(b) If* the button really performs as advertised, why on earth should it be a manual step? Do it automatically.
(c) Best practice here is to escape-on-output, negating the need to remove in-DB XSS, so the fact that this button exists strongly implies they aren't doing that
* I would guess that the button is very unlikely to perform comprehensively as advertised
Input validation is good practice (checking that the input is what's expected), but input filtering is problematic for two reasons:
1. Since input filtering lacks context, the usual option is to filter very broadly (e.g. to attempt to filter for SQL injection and various forms of XSS simultaneously). This leads to much more complicated filtering strategies, adding maintenance overhead, risking data corruption, and generally increasing technical debt.
2. Data loss. This is less of an immediate security issue, but full data retention can be useful for debugging, for future migrations or data transformations, &c. It also ensures you don't get data corruption (e.g. where filtering for one context breaks your data in a different context).
For instance, the apostrophe character is a very potent character in a number of injection scenarios and one you might be tempted to "filter", but it is also a perfectly legal character in things as common as "names". It is merely one example of a very large and constantly growing set.
You can't help but correctly encode things on the way out if you want things to work properly.
There is also the question of "filtering" vs. "rejecting". I personally recommend that one way or another anything with the first 32 ASCII characters that you don't expect not end up in your database, because they are full of magical behaviors in all kinds of places, but I also tend to recommend outright rejection on the grounds that these things don't innocently come in. Nobody accidentally types the Negative ACK character into their name. But at the very least, filter it out early.
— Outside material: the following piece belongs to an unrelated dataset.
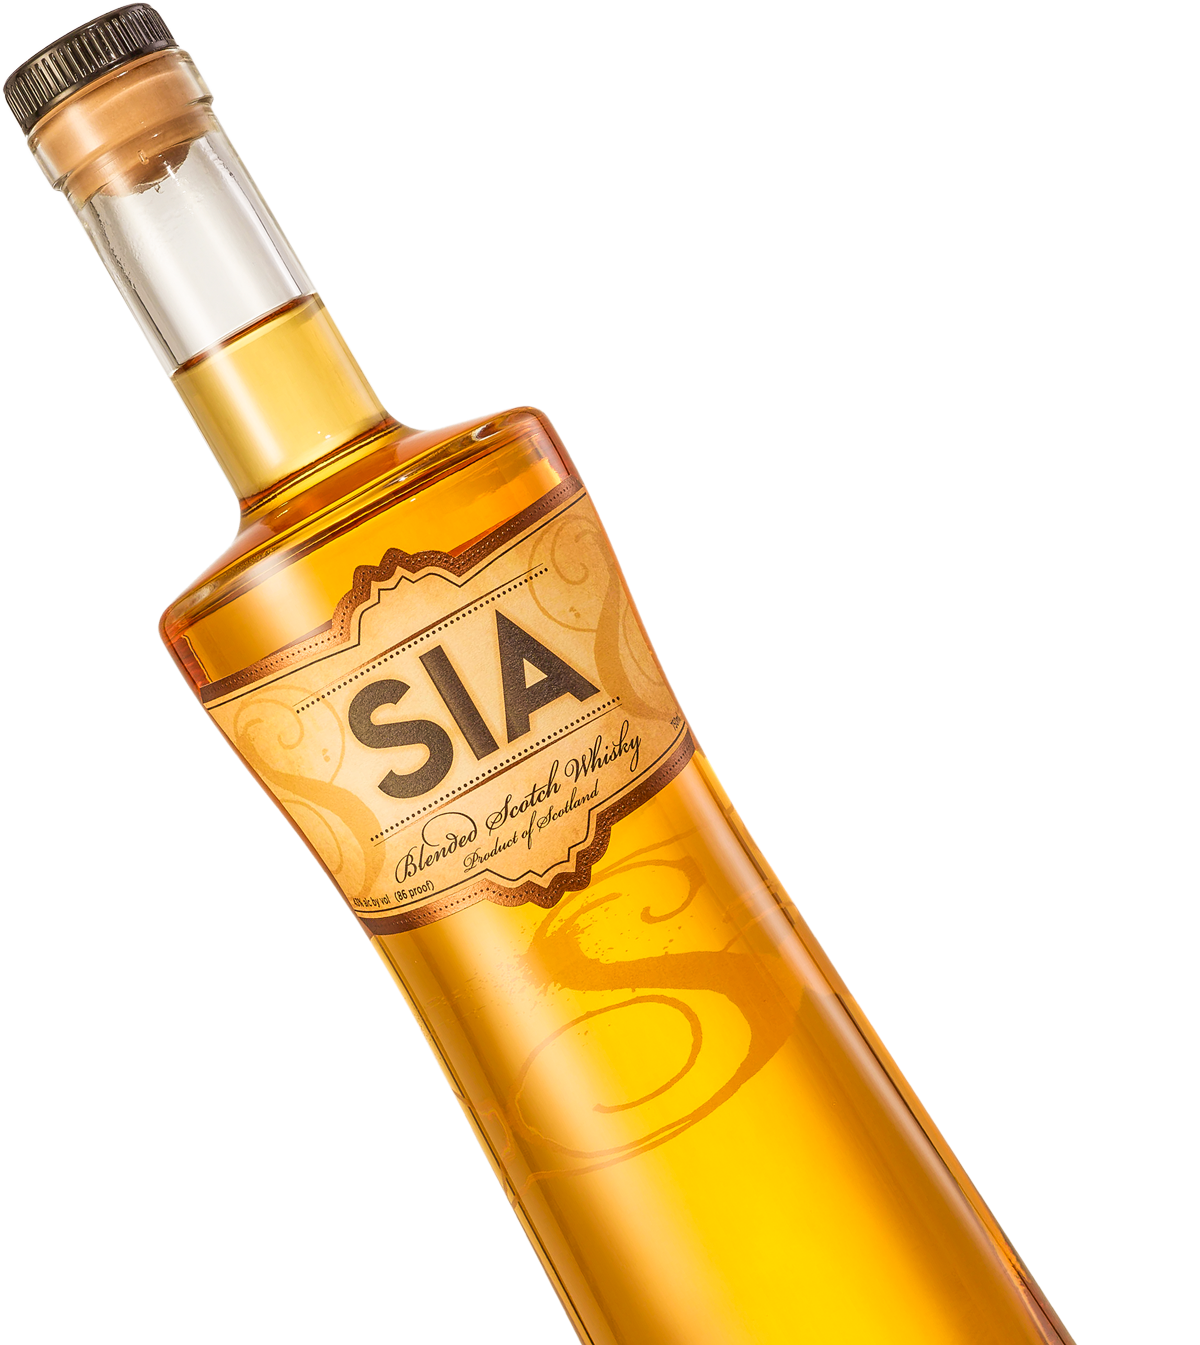 A bottle of SIA Blended Scotch Whisky

You can also outright "filter" on Unicode character classes you don't expect. But this really ought to be seen more as mere day-to-day business "data validation" than a security measure because of the aforementioned fact that some of the Characters of Interest are still valid, and you can't afford to just filter them all out.
(You basically end up with "English letters and numbers". If you're trying to "filter" away all the "bad" characters in advance, without really knowing where they're going, you can't even have things like "space" (very active shell character), and UTF8 can actually be dangerous if stuff isn't expecting it, etc. And when push really comes to shove, even strings of nothing but English letters and numbers can become dangerous if they are too long, in certain pathological contexts, i.e., "seriously, don't write network software in C". Because the safety of a string is not an intrinsic property of a string but has everything to do with interpretation by further bits of code, there isn't a way to generically "cleanse" a string.)
If you rely on input filtering but you miss something, there's a bug and filtering doesn't work, or there's a new type of text that needs to be filtered (eg: a new tag added that didn't exist at the time), you have no recourse -- that text is already in the database.
A software update can fix/change the output filtering, and since that runs at display time (when the vulnerability is actually activated), it can address it.
Then, when the data itself is read, it should pass through context-sensitive output filters, one for the template engine, once again if it's going to be embedded in html, or javascript, or a stylesheet, or into a URL. Output filtering needs to happen, but it critically should not be attempted at the time of input, as the developer of the form should not be expected to predict any possible usage for that data once gathered.
The broad-strokes filtering you describe in step 1 is an anti-pattern through and through. :) I'd avoid personally any codebase or framework attempting this strategy, as I've seen it fail too many times.
cron, maybe?
>Select a module to remove potential XSS strings
My reading of this is SugarCRM, which ships barebones like Drupal, has a whole ecosystem of poorly coded third-party modules you need even for basic CRM functionality. The core Sugar devs wrote this little script to run through module code and its db entries to find potential XSS issues. I imagine that this would break things so its a 'admin beware' type of thing they shouldn't automate. No one wants to upgrade to Sugar 5.2 from 5.1 to find half their modules broken, so its manual. Maybe in the future it won't be and its a shot across the bow to third-party developers to take security seriously.
That's the problem with these popular bare-bones FOSS frameworks. You get a decent core product like Drupal or even Wordpress, but you need a dozen or so modules to make it do anything useful. The code quality on random modules, is of course, random as well, so the core devs try to work around it. Its ugly, but more an indictment against module authors than the core SugarCRM team. That team is just trying to fix the shit-code in the modules and protect the reputation of their product. They don't want to find themselves in the situation Microsoft often found itself in, where Flash and Java exploits were blamed on Windows as non-tech savvy people saw their Windows hacked and didn't know it was a third-party program responsible for it.
This is also why we don't often implement systems like these at work. While I may have trust in the Drupal or Sugar team, I'm ultimately left to be forced to trust sole module authors like 'webdev420hacker' and 'boutiquewebsites1997' because they're the only game in town for these modules. I think bare-bone frameworks are falling out of style a bit. Go with a manged cloud product or go with a more featureful product that isn't dependent on 3rd party modules so much, or go with a commercial solution with everything instead. There's too much variability with third-party modules and not remotely enough security conscious eyes on this code.